Jörn Budesheim hat geschrieben : ↑ Do 7. Dez 2017, 06:12
Es geht Gabriel um die Bilder, die sich der menschliche Geist von sich selbst macht: "Dieser Geist hat keine Realität, die von diesen Selbstbildern so unabhängig wäre, dass man einfach diese unabhängige Realität des Geistes mit seinem Selbstbildung vergleichen könnte. Er existiert nur so, dass er sich Selbstbilder macht. Er wird damit immer auch zu dem, wozu er sich macht. Genau deswegen hat er eine Geschichte, die Geistesgeschichte."
An diesem Punkt stimmt ich exakt mit Gabriel überein.
Mit dem etwas merkwürdigen Unterschied, dass ich das "Weltbild" nenne und Gebriel alle Weltbilder für gefährlich hält und gerne abschaffen würde.
Jörn Budesheim hat geschrieben : ↑ Do 7. Dez 2017, 06:12
Es geht in diesen beiden kurzen Ausschnitten, die ich zu Beginn gepostet habe - Film und Text - genau um das, was Gabriel gleich zu Beginn auch klar und deutlich sagt, nämlich um die gegenwärtige Fehldeutung der Menschheit durch sich selbst.
Nur kann es die, nach Gabriel, eigentlich nicht geben, denn Fehldeutung setzt ja eine richtige Referenzdeutung voraus und genau die soll es ja nicht geben.
Das ist es auch was ich die ganze Zeit bei Gabriel nicht kapiere. In dem erwähnten podcast geht es ja darum, dass Gabriel jemand ist, der klar das Wort "falsch" wieder in die Philosophie einführen will. Im Sinne von: Nicht drum herum reden, sondern klar benennen, wenn etwas falsch ist.
Das geht aber auch nur, bei dem Rückgriff auf "richtige" Lesarten, die ich gerade in der Rede von den Sinnfeldern nicht finde, oder eben auf logischen Fehler, Inkonsistenzen. Nun zeichnet sich der Biologismus aber oft nicht durch Inkonsistenzen, sondern eine Engführung der Interpretation aus, deren eigentliches Problem ist, dass sie für menschenverachtende Sichtweisen missbraucht werden kann. Aber konsistent ist das.
Das ist auch gerade das Problem, mit den auswendig gelernten Floskeln. Eine lautet, dass die Religion ein primitives System sei, aus dem die Wissenschaft uns befreit hat. Damit bin ich groß geworden, als Atheist, der Religion für nicht ein mal mehr der Rede wert empfand. Als privates Hobby, okay, aber ansonsten. Nun, um es kurz zu machen. Auch an die Wissenschaft wird mitunter geglaubt, wie an eine religiöse Offenbarung und kaschiert dabei - weil ja alles so vernünftig, empirisch und beweisbar ist - den quasireligiösen Kern der Geschichte, plus die treibenden Affekte von jeder Menge wüster Aggression.
Da geht es dann wirklich darum, ob jemand aus einem wissenschaftlichen Bewusstsein heraus agiert oder als gläubiger Mensch, der seinen Glauben (von dem er nichts weiß und den er leugnet) auf die Wissenschaft projiziert.
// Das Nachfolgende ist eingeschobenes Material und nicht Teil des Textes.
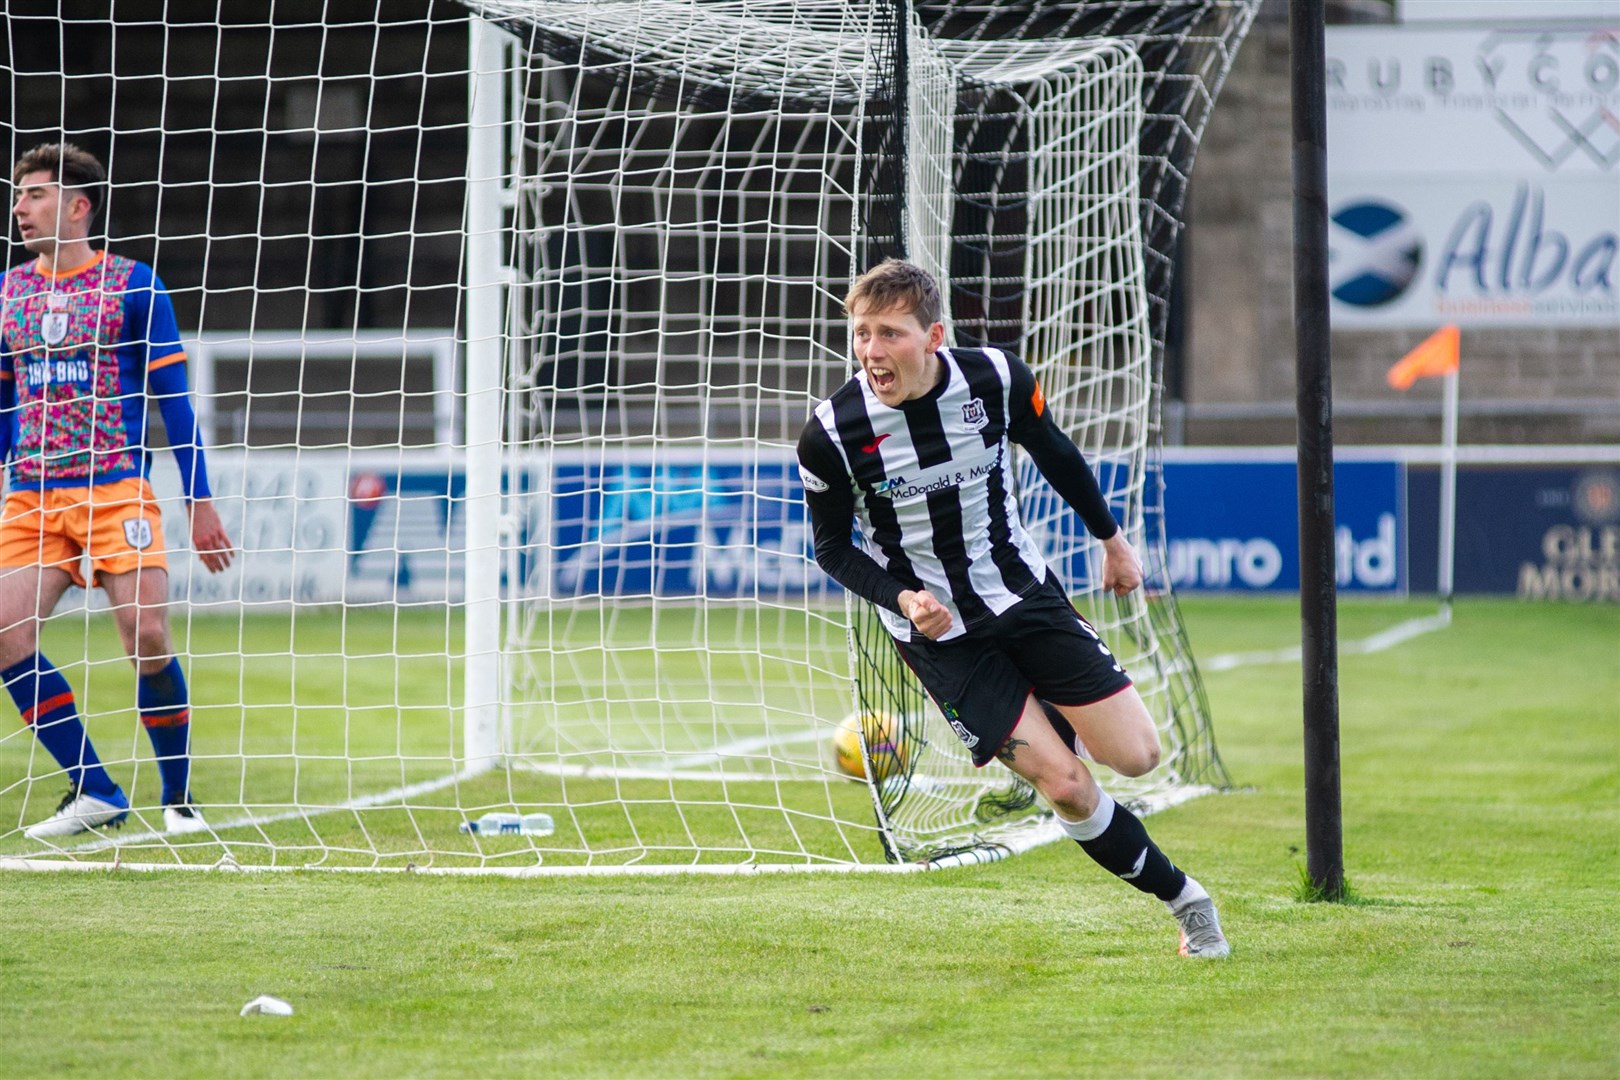 Kane Hester scored four times in the 5-1 win over Annan Athletic. Picture: Daniel Forsyth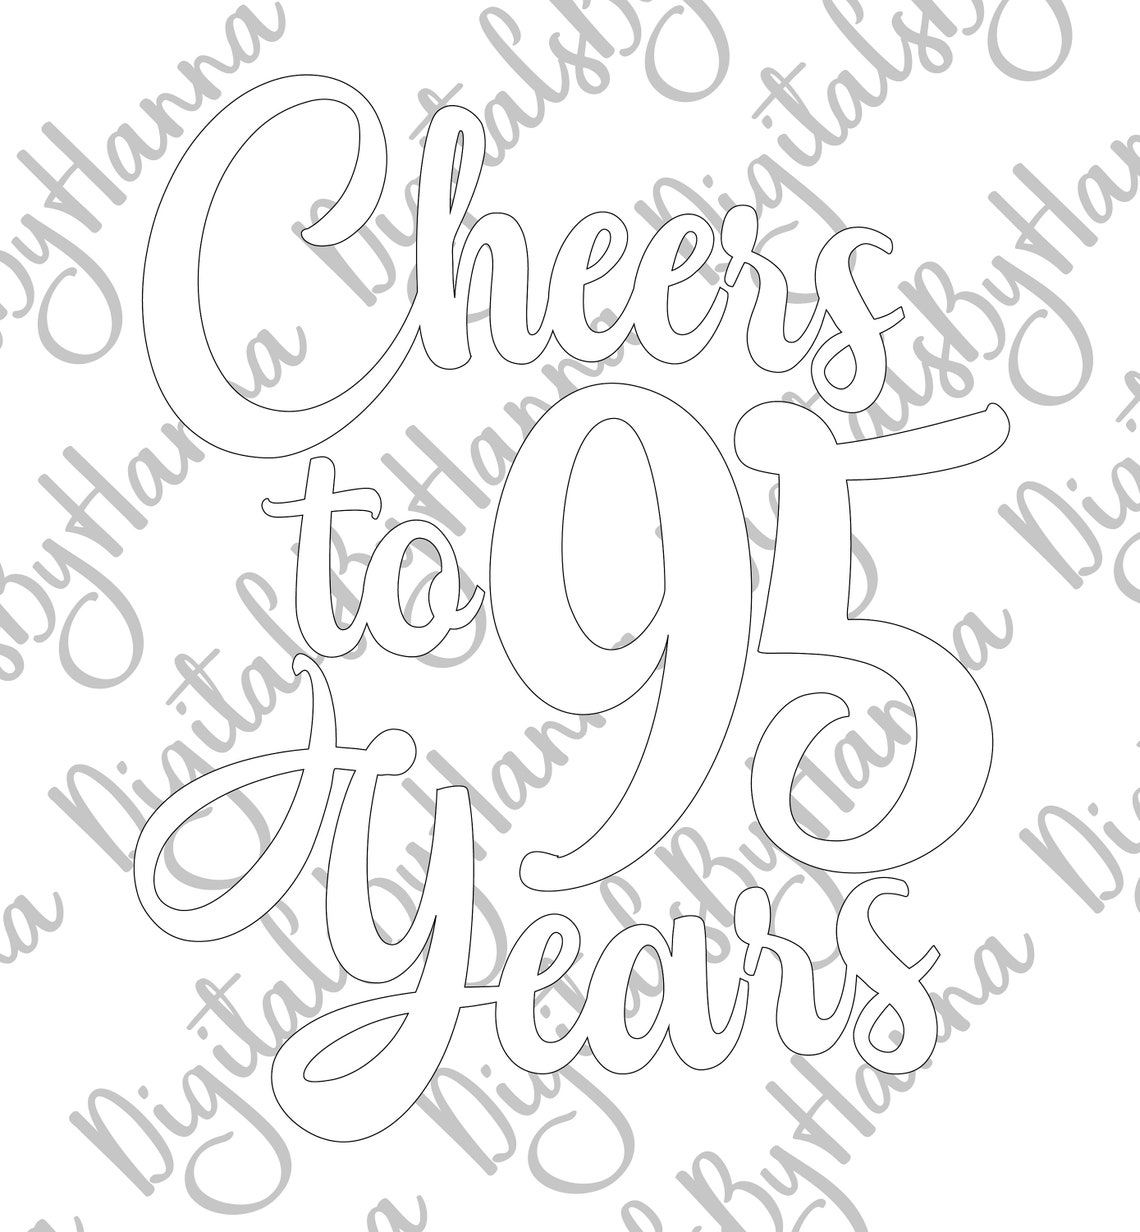 95th Birthday SVG Files for Cricut Sayings Cheers to 95 Years - Etsy

Dann hat Dawkins eben die Papstrolle inne (inzwischen nimmt ihn niemand mehr für voll, vor 10 Jahren sah das anders aus) und er und Dennett werden als Letztautoritäten zitiert.
Die Botschaft für uns ist, dass es religiöses Denken auch im Namen der Wissenschaft gibt und das beste System, was diese Stränge subsumiert finde ich nach wie vor bei Wilber, der diese Differenz zwischen Selbstbild und Weltbild beschreibt. Der Fehler, den Dawkins-Jünger machen, ist, dass sie meinen, wer sich mit Wissenschaftsterminologie schmückt, sei automatisch vor jeder Art religiöser Denkweise gefeit.